Don't:
Pretend to be something you're not. I'm sure that you've heard the phrase "It's better to be hated for something you are than to be loved for something you're not". There's a lot of wisdom in that saying, but so many people simply ignore the truth because it's inconvenient. It just doesn't work that way. I see so many girls playing dumb to get attention or to make a guy feel superior. They change who they are to get a guy or to keep a boyfriend. Is that really love, or is it just an overwhelming desire to fit in and be wanted? Do you see guys putting aside their beliefs, desires, values, and interests just to get/keep a girlfriend. No. So why should you? Besides, if you're pretending, they don't "love" you, they love who you're pretending to be. So, in the end, what's the point? Five years from now, will it matter that you dated a cute guy in seventh grade? No, no it won't. In the long run, it doesn't matter, so why change yourself for something that won't last? Why make yourself miserable? There are only two possible outcomes of dating anyway: marriage or breaking-up. Don't date someone you can't see yourself marrying.
Dress scantily. Yeah, I know I sound like your mother or your Great Aunt Martha, but think about it. If your shorts could be mistaken for underwear and your top barely covers your bra, what do you think guys are seeing when they look at you? They certainly aren't noticing your beautiful smile, charming personality, or bright eyes. They don't see YOU, they see your body. You can't REALLY see the inner beauty when the outer kind is covering it up.

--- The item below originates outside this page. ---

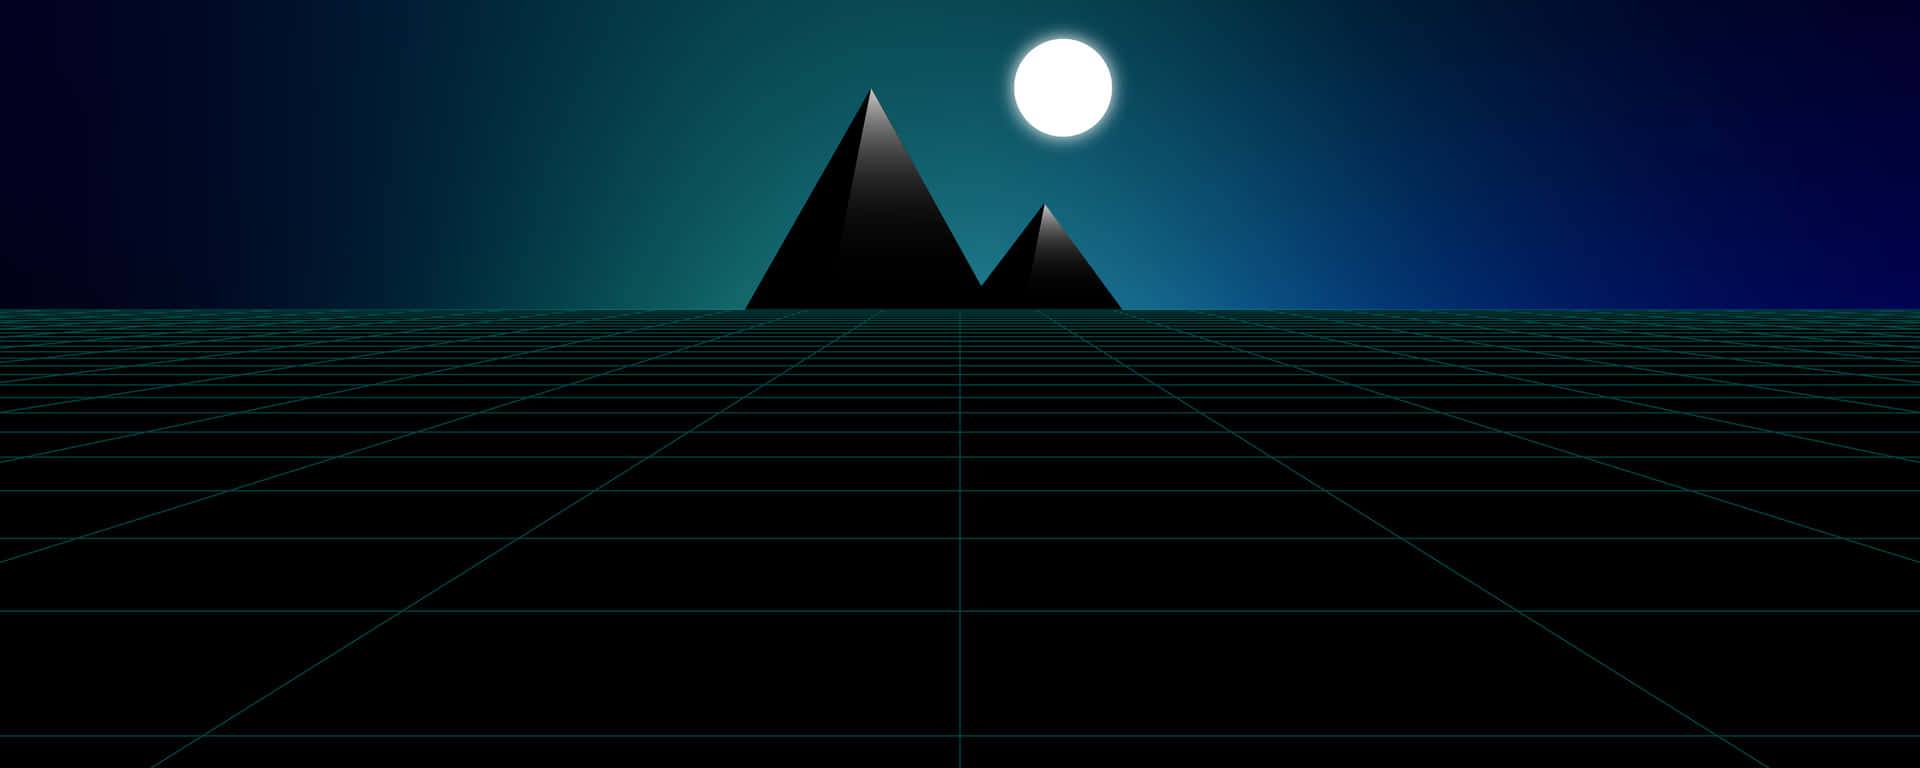 Pyramid Of The Moon Landscape Wallpaper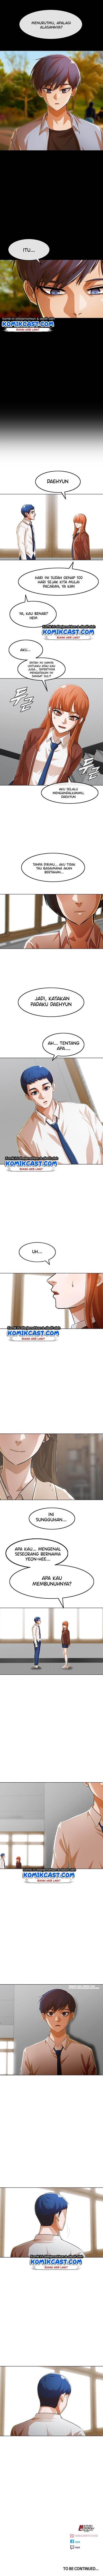 The Girl from Random Chatting! Chapter 143

I'm not saying that being pretty or wearing that cute top is wrong - because physical attraction is definitely a factor - but do you want that to be all they see? Besides, what kind of guy are you going to attract when you dress like that? Most likely not one that would sign the boyfriend manual, much less respect you. Just think about it. Do you want your guy to love your body or your soul?
Think that you can change a guy. This is one of the most common mistakes that women make. They think that they can change guys. Newsflash: people don't change, and if they do, it's very, very rare. If he's lazy/arrogant/abusive now, then he probably always will be. He has to WANT to change; you can't make him. Please don't fool yourself into thinking you can.
Bad-mouth others. I can't think of a more unattractive quality. No matter how physically pretty you are, this instantly taints your appearance. Besides, those who hear you bad-mouthing others are likely to assume that you would do the same to them. No guy wants you making fun of him behind his back, and he probably doesn't want to hear you gripe about that slut in English either. Of course, if someone asks you, then it's perfectly fine to tell them the cold, hard facts, but anything past that just isn't a good idea.
Do:
Smile. It's an instant beauty boost. It lets your inner beauty shine through and makes you seem approachable and friendly. And as a general rule, people like to be around people who are happy and friendly. Guys are no exception. Who knows, you might gain a few friends while your at it:)
Pose. Not that kind of pose. We're not impersonating supermodels here, but that whole hands-on-hips or crossed arms stance when you're not mad is a bit of a turn-off. I mean, you don't want to walk up to someone who's got their arms crossed and is glaring at everybody for no apparent reason. Body language is a real communication tool. Just relax. Stand up straight. Pull your shoulders back. Smile. Go easy on the make up (again, we want to see you, not the artificial face), and BAM! There you go. We've got an approachable, friendly, genuine, beautiful girl. The good kind of guys - the ones who'll sign the boyfriend manual - dig that!
Be yourself. This cannot be stressed enough. Don't change who you are. Don't pretend. You are a unique individual handcrafted by God. You are special. You are beautiful. Changing that would be stupid.